Comment voyez-vous votre travail dans dix ans ?

Impossible de prévoir les découvertes fortuites inévitables et les modifications d'environnement qui rejailliront sur mon travail. J'espère seulement être surpris. 

Sur quoi travaillez-vous actuellement ? Planifiez-vous bientôt une exposition ?

Je participe au salon Art Shopping du 22 au 24 octobre 2021 au carrousel du Louvre à Paris. Mon actuel travail au long cours portent sur plusieurs tableaux relatifs aux libertés.

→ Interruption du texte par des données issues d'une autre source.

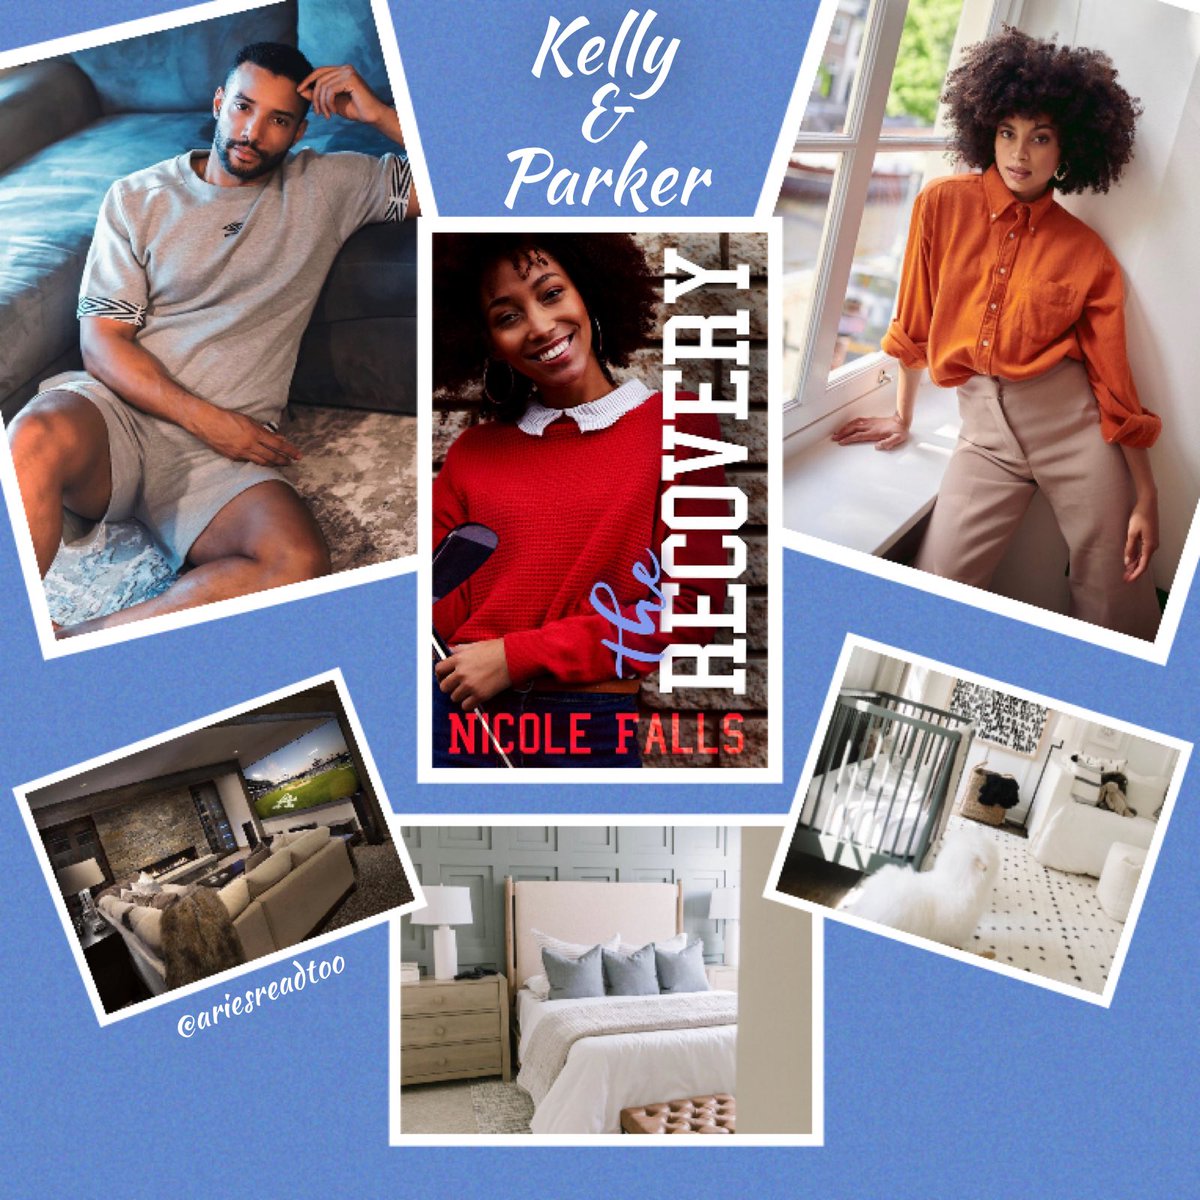 Kelly and Parker are very hot, their chemistry jumps off the page! Kelly gives me foine grown man, it’s the DILF in him Parker is headstrong, hardworking & nurturing it’s no surprise that Kelly can’t resist her. But she’s also guarded, too bad K is a bit irresistible himself

Si vous aviez pu créer un chef-d'œuvre de l'histoire de l'art, lequel choisiriez-vous ? Pourquoi ?
Artemisia Gentileschi, "Judith décapitant Holopherne" : Quand je le vois, je me dis "YES!". En réalité, ça parle d'elle, de ce qu'elle a vécu en tant que jeune artiste femme. Et ça fait du bien de voir les méchants décapités.L'art permet toujours cela, plus le droit (et c'est très bien comme cela!)

Si vous pouviez inviter un artiste célèbre pour le dîner (mort ou vif), lequel choisiriez-vous ? Pourquoi ?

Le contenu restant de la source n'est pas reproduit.